A lead bag? A lead bag? Sure, let me travel back to a fabled time when I was somehow wiser and more prepared and buy a protective film bag I didn’t know existed until two seconds ago, but trust me, I will research later when I’m home and less agitated. Thank you for the tip, sir!
I lift my foot so he can examine my boots.
“Do I have to take these off?”
His eyes dart down and up.
“Ehh, try your luck.”
Despite hoards of travelers thronging on either side of the barrier, the queue is short; I’m waved forward without a word.
Fucking Americans, the phrase I’ve heard quietly in passing over the years, on the Underground, in one regaling or another, echoes in my skull.
“Fucking England,” I mutter as soon as I’m through security and go to collect my compromised film.
*
10 days earlier.
The flight from Minneapolis to London is overnight, and every seat and overhead compartment is crammed with people, presents, suitcases, and coats. (Note: there are no people in the overhead compartments.) I settle in, resting my cheek on Will’s shoulder as the plane cruises east to his homeland.
I have been to the UK before, even lived there, yet I still feel nervous about going.
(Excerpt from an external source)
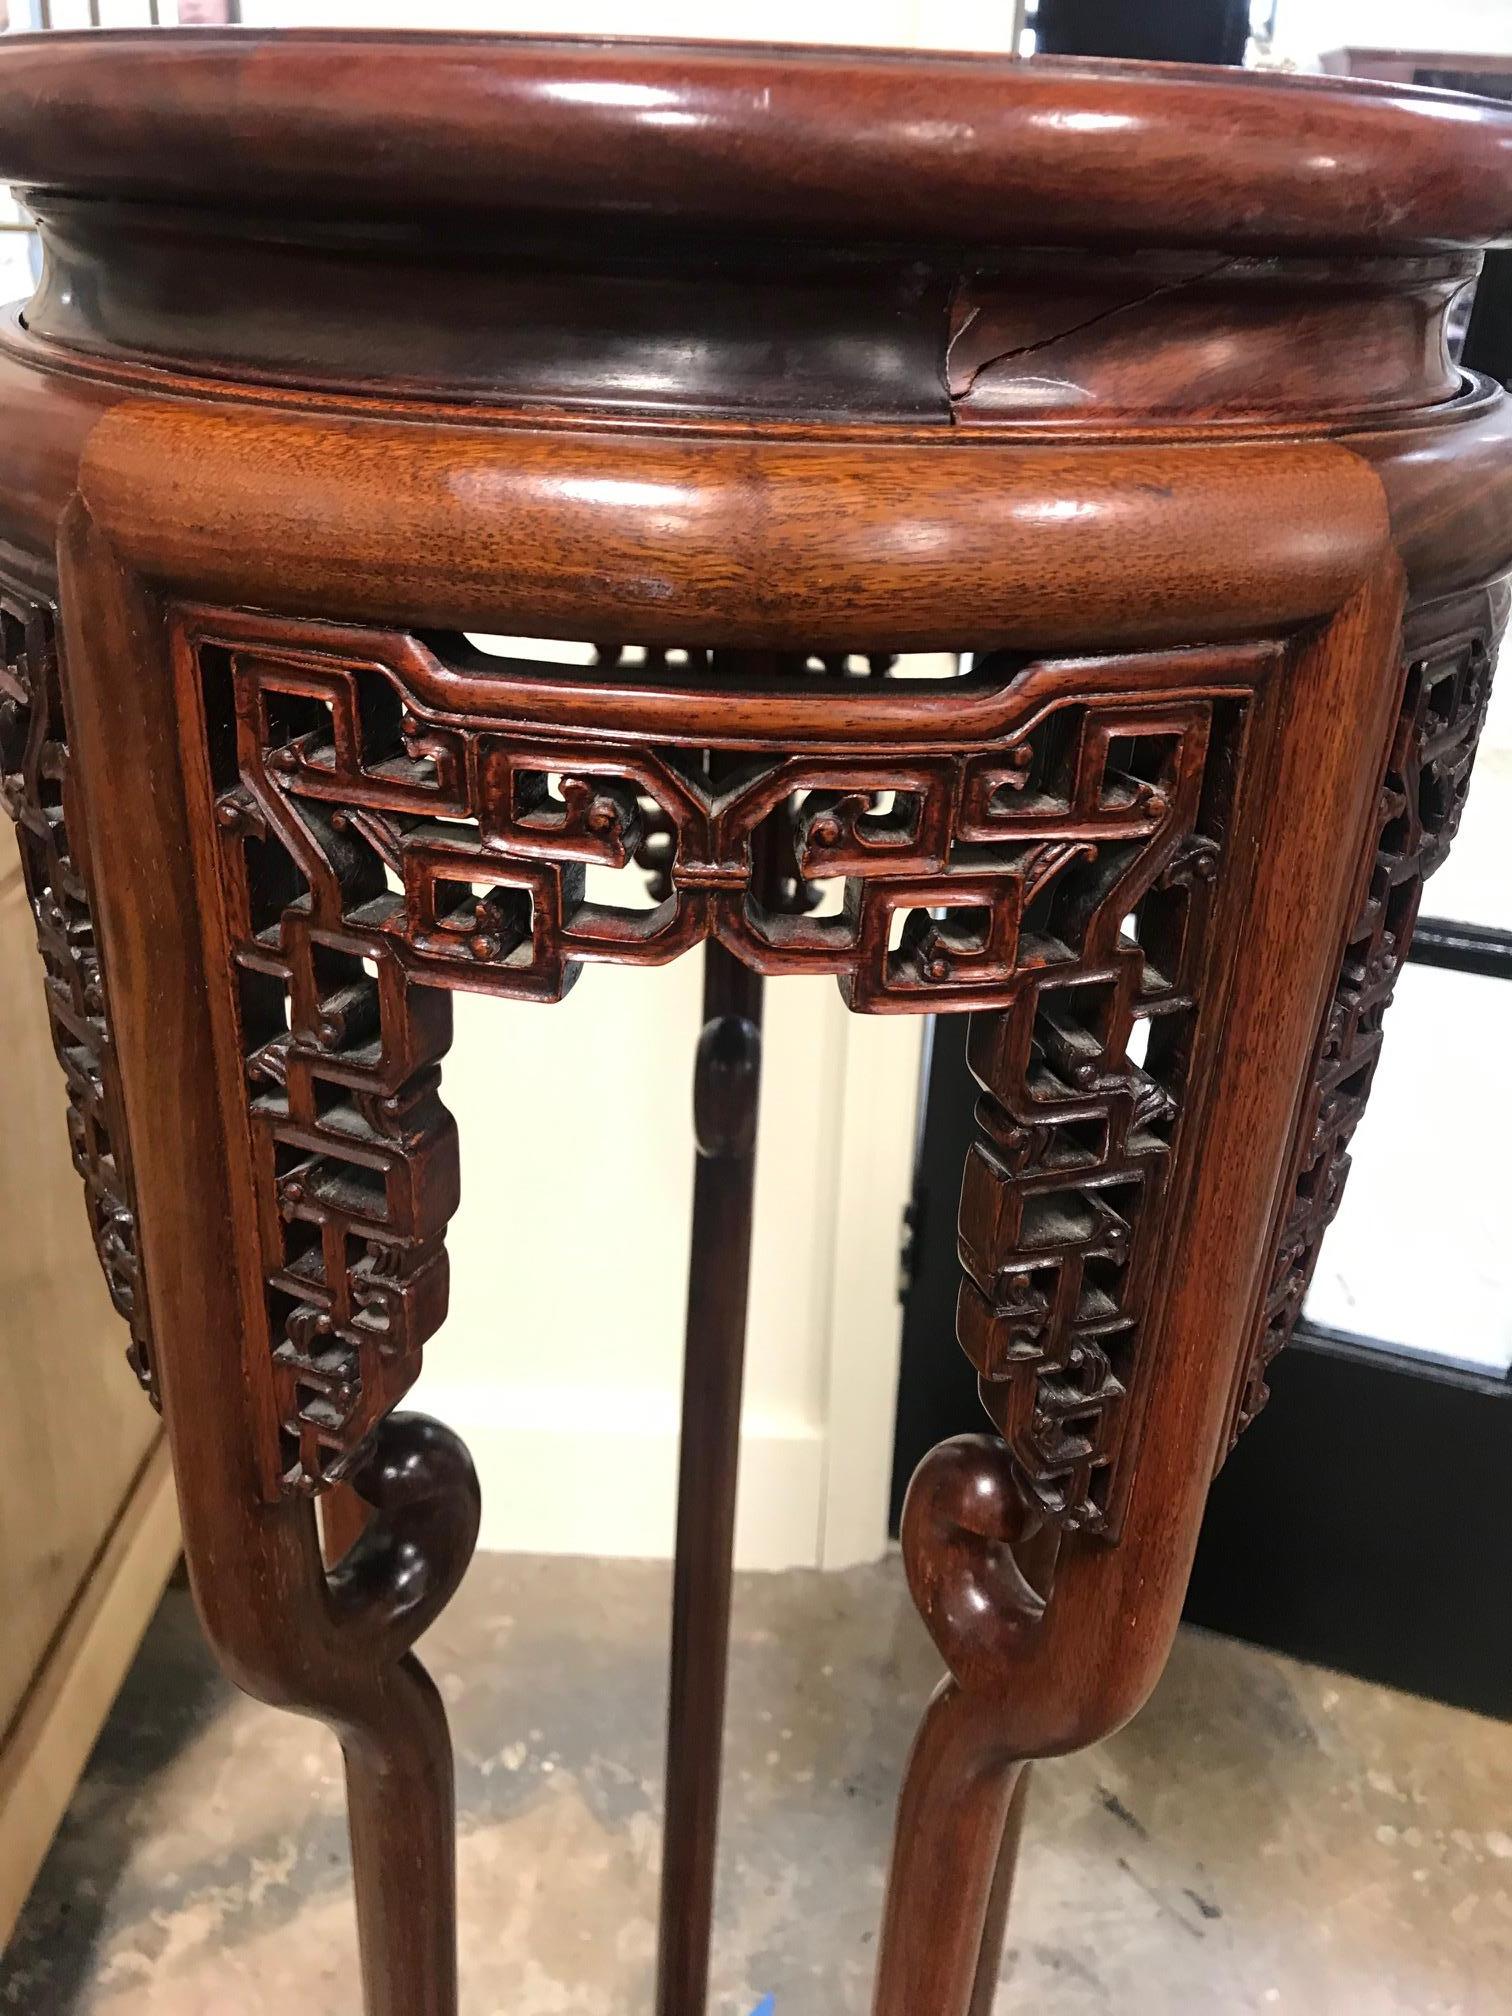 A beautiful rosewood plant stand which is heavily hand carved on the top and below.

London, in particular, is like my twin flame, if a twin flame can be a city. At times, my relationship with it has been intense. A catalyst for breakthroughs and breakdowns. (Think: the Tower, in tarot.) It’s pushed me to evolve in ways both welcomed and painful. Shoved my insecurities into the spotlight and forced me to reckon with them. Every time I visit, I’m grateful for what the city has shown me and sweaty-palmed about what I might still need to face. (Something I never really know until I arrive.)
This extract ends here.